What the image doesn’t show is that while this company has a $3 million cash position, it only pulled in roughly $14,000 in revenue during the time period. Those aren’t good numbers. The cash position, under normal circumstances wouldn’t be horrible. You could keep the lights on, keep everyone paid regularly, and have some left over to buy a new Vitalis extractions device. You might need to mix it up by throwing out a few shares into a deal, but it’s do-able until your next private placement, or your revenue picks up.

 

But coupled with not enough money actually coming in and the drain becomes apparent.

 

This is probably a short term problem, though, and not necessarily a reflection of anything the company’s doing wrong. CBD products don’t exactly fly off the shelf when people are worried about contracting a respiratory disease that might kill their grandma.  If this waterwings in the shallow end variety of analysis has left you thirsty for more of a deep dive into the shark-infested deep end, then you’re going to have to check EG’s analysis guru Taku Ndachena’s piece on Pure Extracts, where he gets into the grit.  If you’ve noticed a distinct lack of charts and would like to get into the technicals, then check out our chart-wizard, Vishal Toora’s piece.

How do you like me now?

Here’s Nikolaevsky from a recent press release:

Our business model is rapidly growing both in terms of revenue and through the advancement of product and partner development. Here in Canada, with over 75 per cent of the eligible population having received at least one vaccination shot and caseloads dramatically decreasing, a sense of optimism is growing daily. Dispensary rollouts are ramping up in the key Ontario market, and our products are making their way to the shelves in four provinces. We have received some new equipment, and there is more on the way that will subsequently make us one of the most efficient, lowest-cost producers of cannabis extracts in North America. Our hard work and commitment to excellence were never a part of the problem over the past year and a half, and with the health restrictions receding, we are now ideally positioned to unlock the value those efforts have created.”

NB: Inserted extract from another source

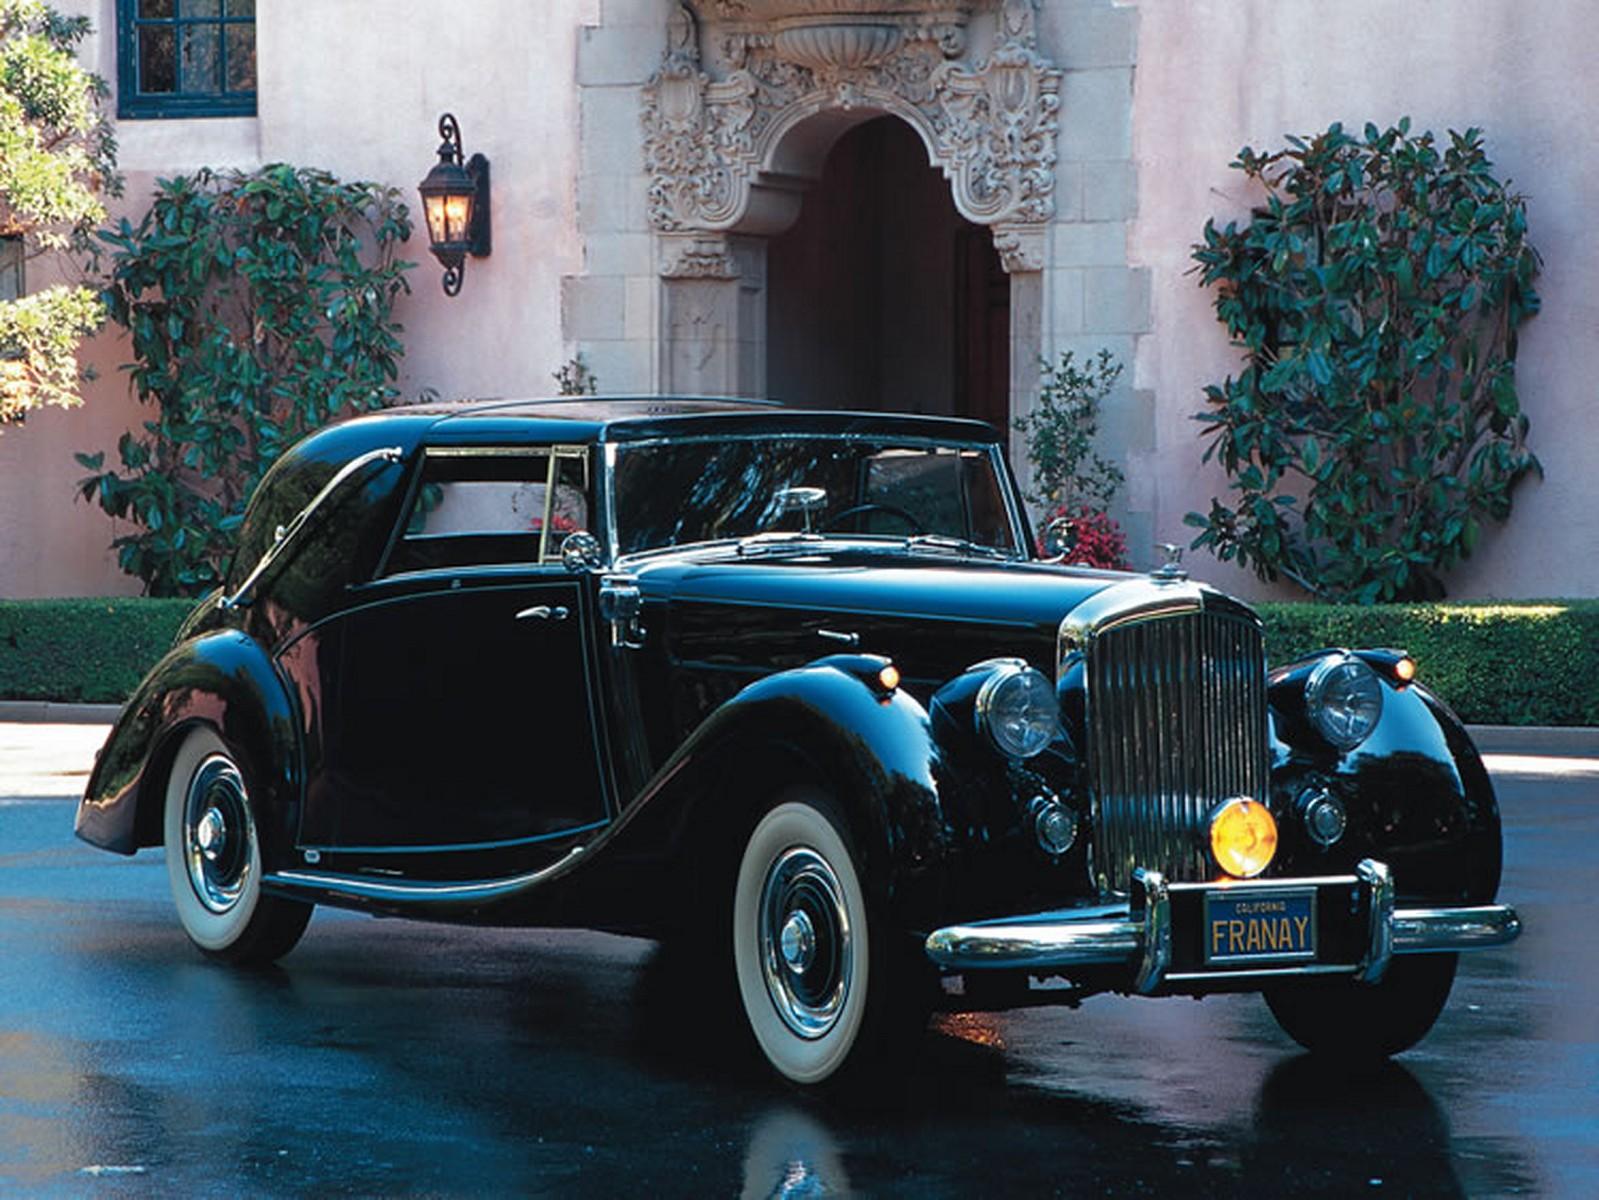 bentley cars google antique rolls classic royce coupe truck vehicles amazing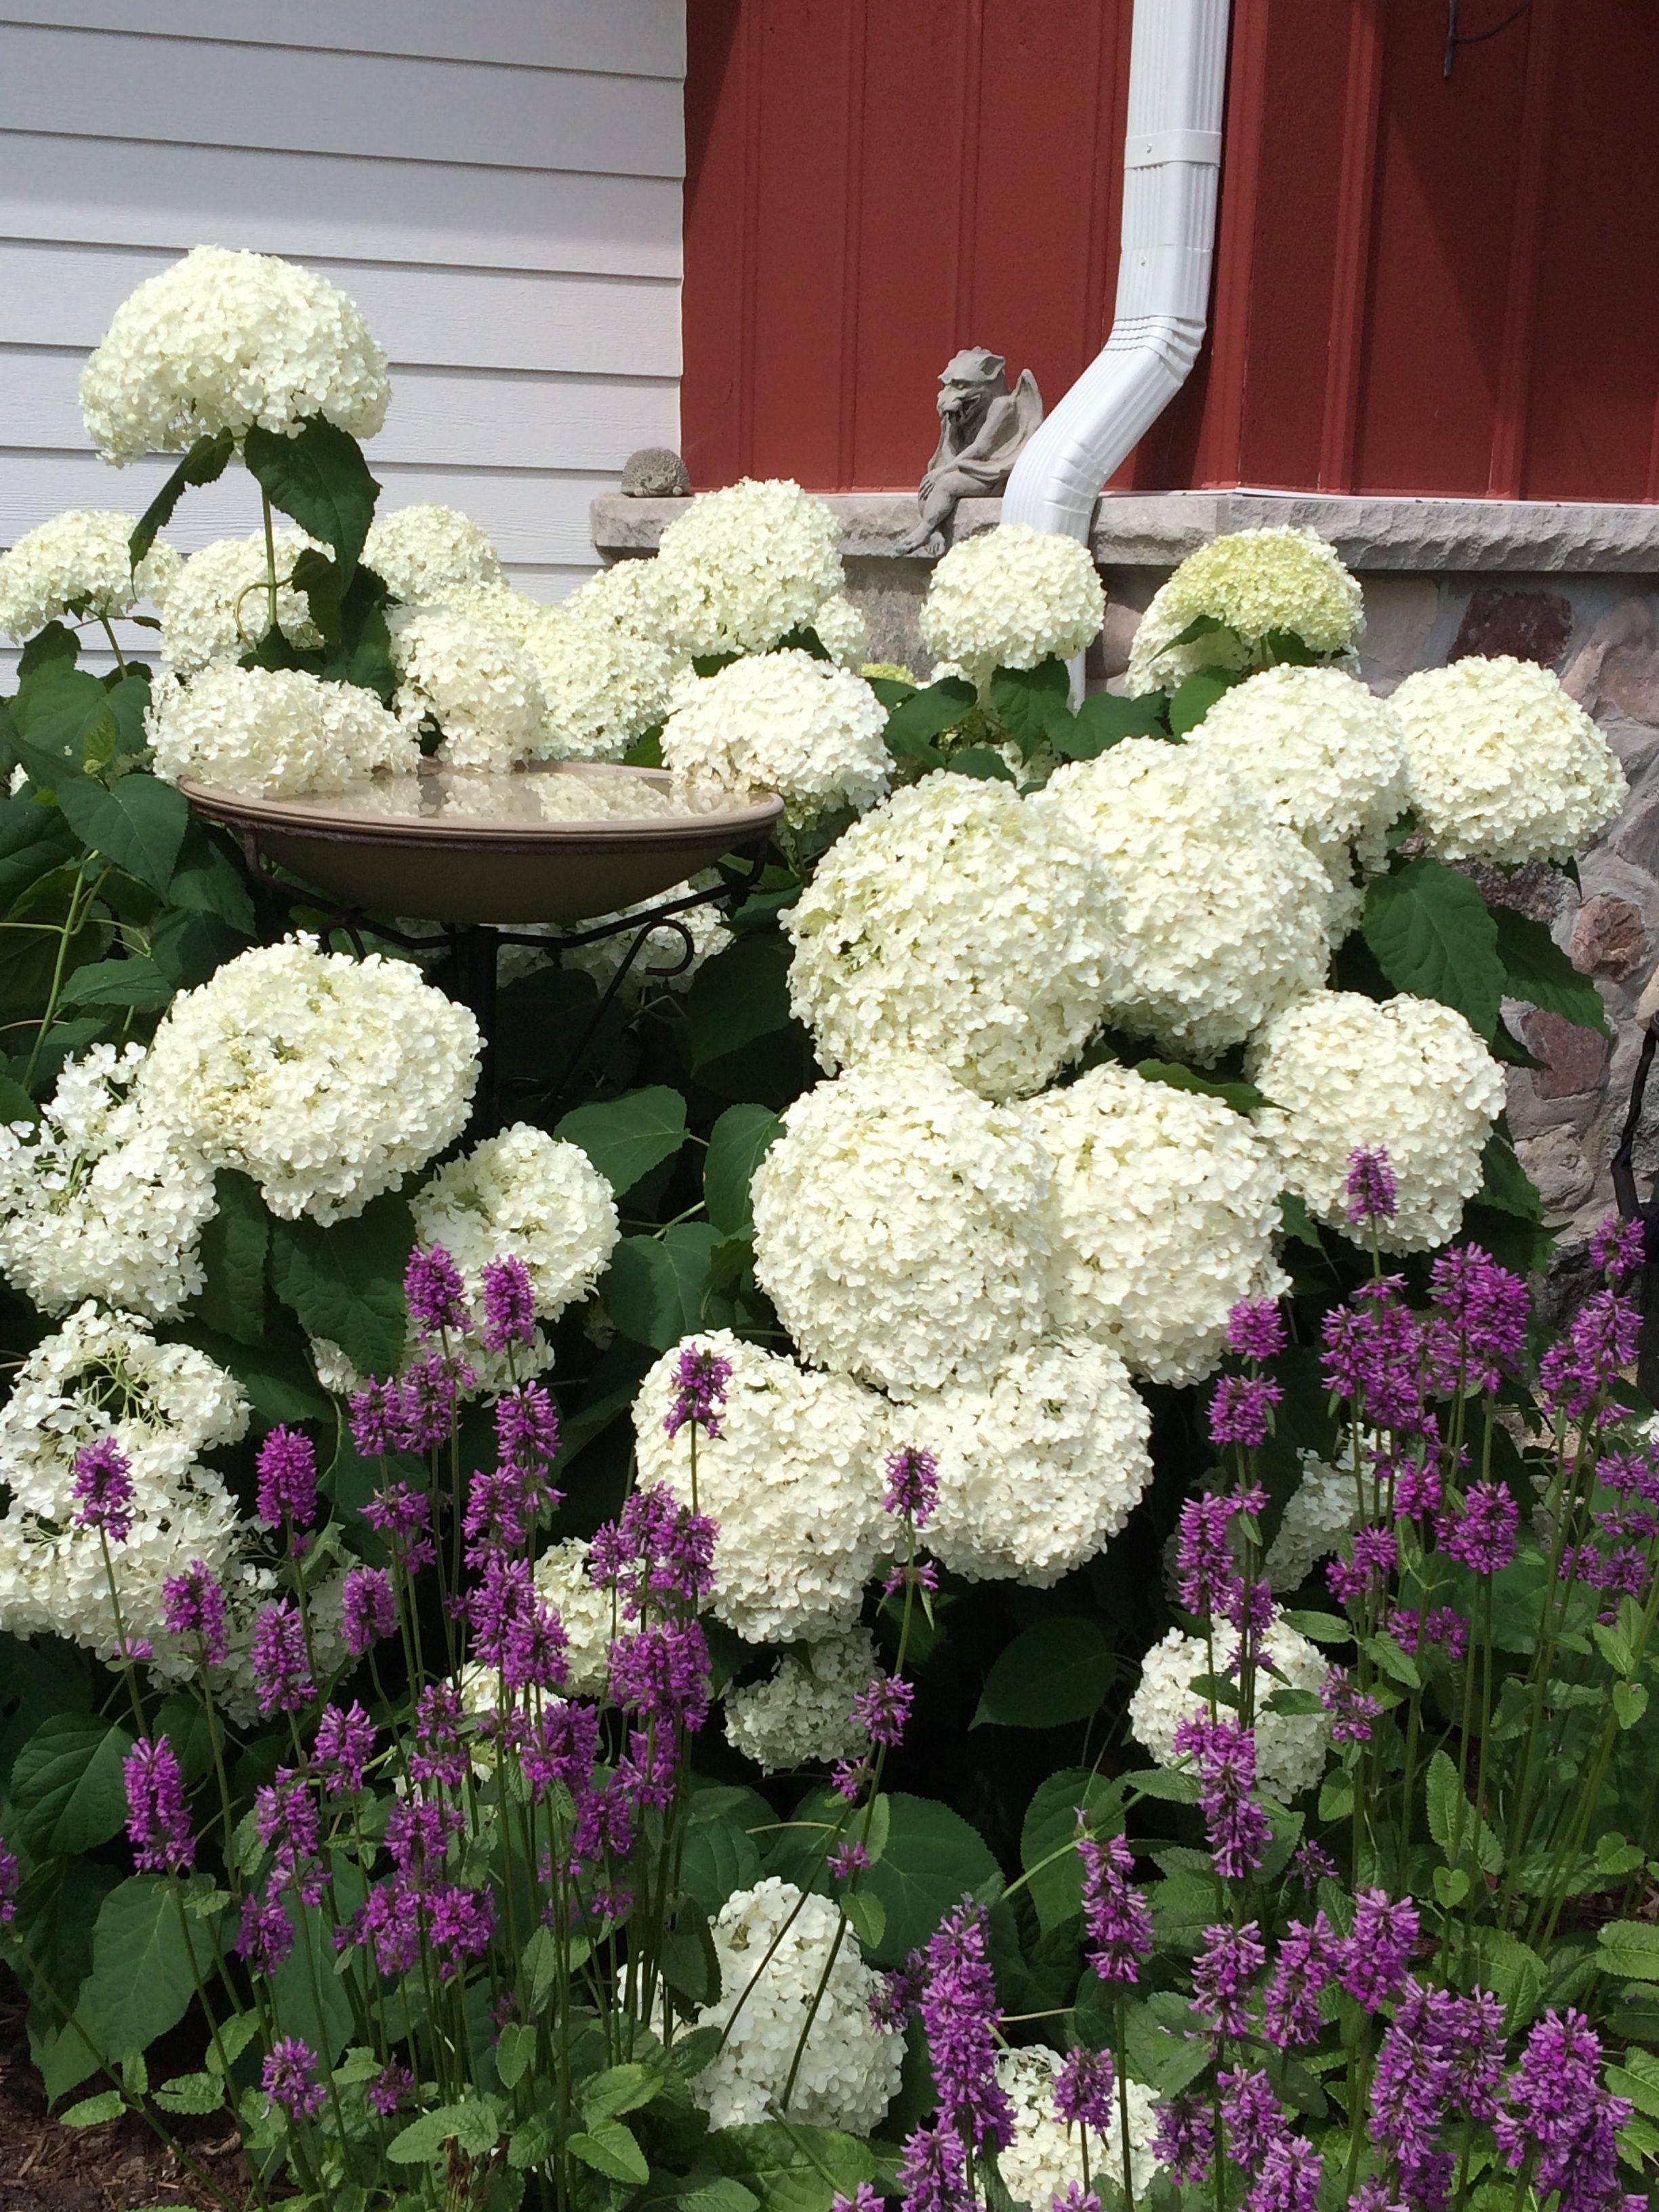 Stachys Hummelo And Annabelle Hydrangea Love Them Together Annabelle Hydrangea Planting Hydrangeas Hydrangea Varieties

Products and partner developments last month included: a license application to Health Canada for a blended functional mushroom wellness product; a license amendment so they can sell cannabis extracts products to provincial distributors; a manufacturing deal, and their first order from a Saskatchewan distributor.

 

Right now the pandemic has everything up in the air. We don’t know if the Delta variant is going to cause another national lockdown where we cloister ourselves in our apartments to keep our grandparents safe. To that effect, PULL is doing the right things. My grandmother has an idiom: “make hay while the sun shines” which basically means do the necessary work when you can to prepare for the times you can’t.

 

Straight talk there.  No dissembling required.